Merana hesitated. She had not meant to share everything with this pair, who had only the most tenuous allegiance to the Hall in Salidar. She dreaded what would happen if Verin tried to take over here, if in fact she did manage to take over. She herself knew how to handle this; she had been chosen because of a lifetime spent mediating sensitive disputes, negotiating treaties where the hatreds seemed implacable. That agreements were broken eventually and treaties violated was the nature of humanity, yet in forty-six years, the Fifth Treaty of Falme was her only real failure. She knew all of that, but all of those years had ingrained some instincts deeply. “We are approaching certain nobles, who by good luck are all in Caemlyn now . . . “

“My worry is Elayne,” Dyelin said firmly. The more firmly for being alone in the sitting room with an Aes Sedai; Aes Sedai could press hard if you weakened when you were alone. Especially when no one else knew you were alone with her.
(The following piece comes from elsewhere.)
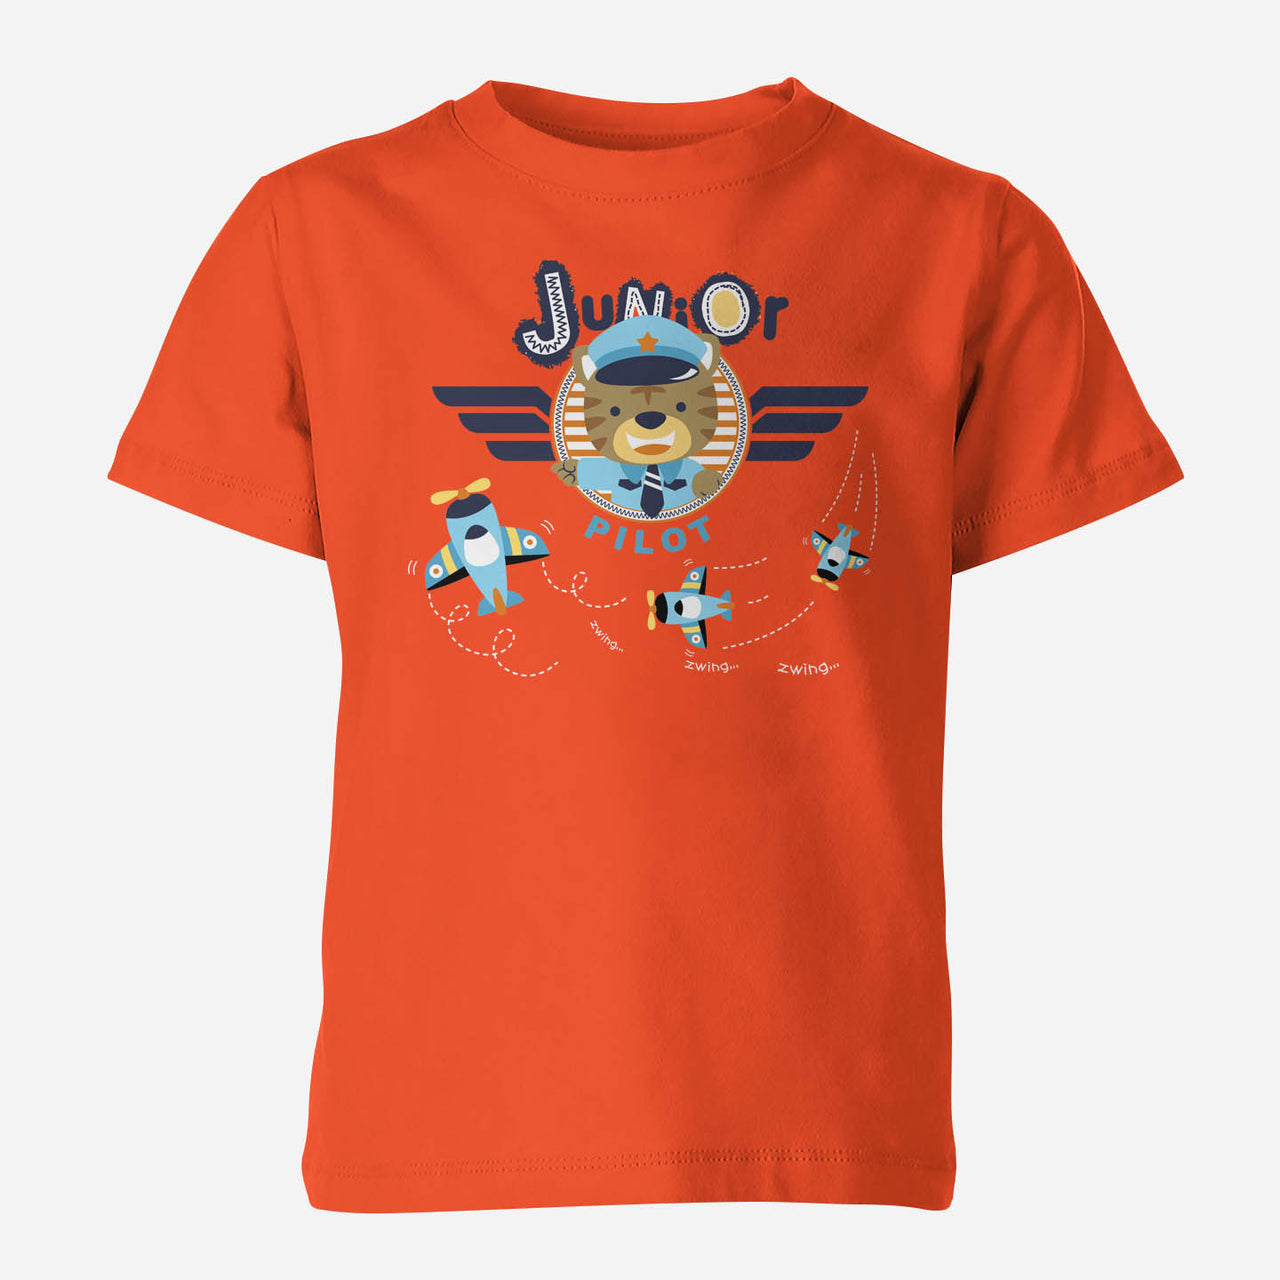 Junior Pilot Designed Children T-Shirts

Kairen Sedai smiled, but neither smile nor cool blue eyes gave away anything. “It is quite possible the Daughter-Heir will yet be found to sit on the Lion Throne. What may seem insurmountable to others is seldom so to Aes Sedai.”

“The Dragon Reborn says — ”

“Men say many things, Lady Dyelin, but you know I do not lie.”

Luan patted the Tairen stallion’s gray neck, looking both ways in case one of the grooms came into the stables, and barely dodged a bite from wicked teeth. Rafela’s Warder would give warning, but Luan was not sure he trusted anyone of late. Especially not with a visit of this sort. “I am not sure I understand,” he said curtly.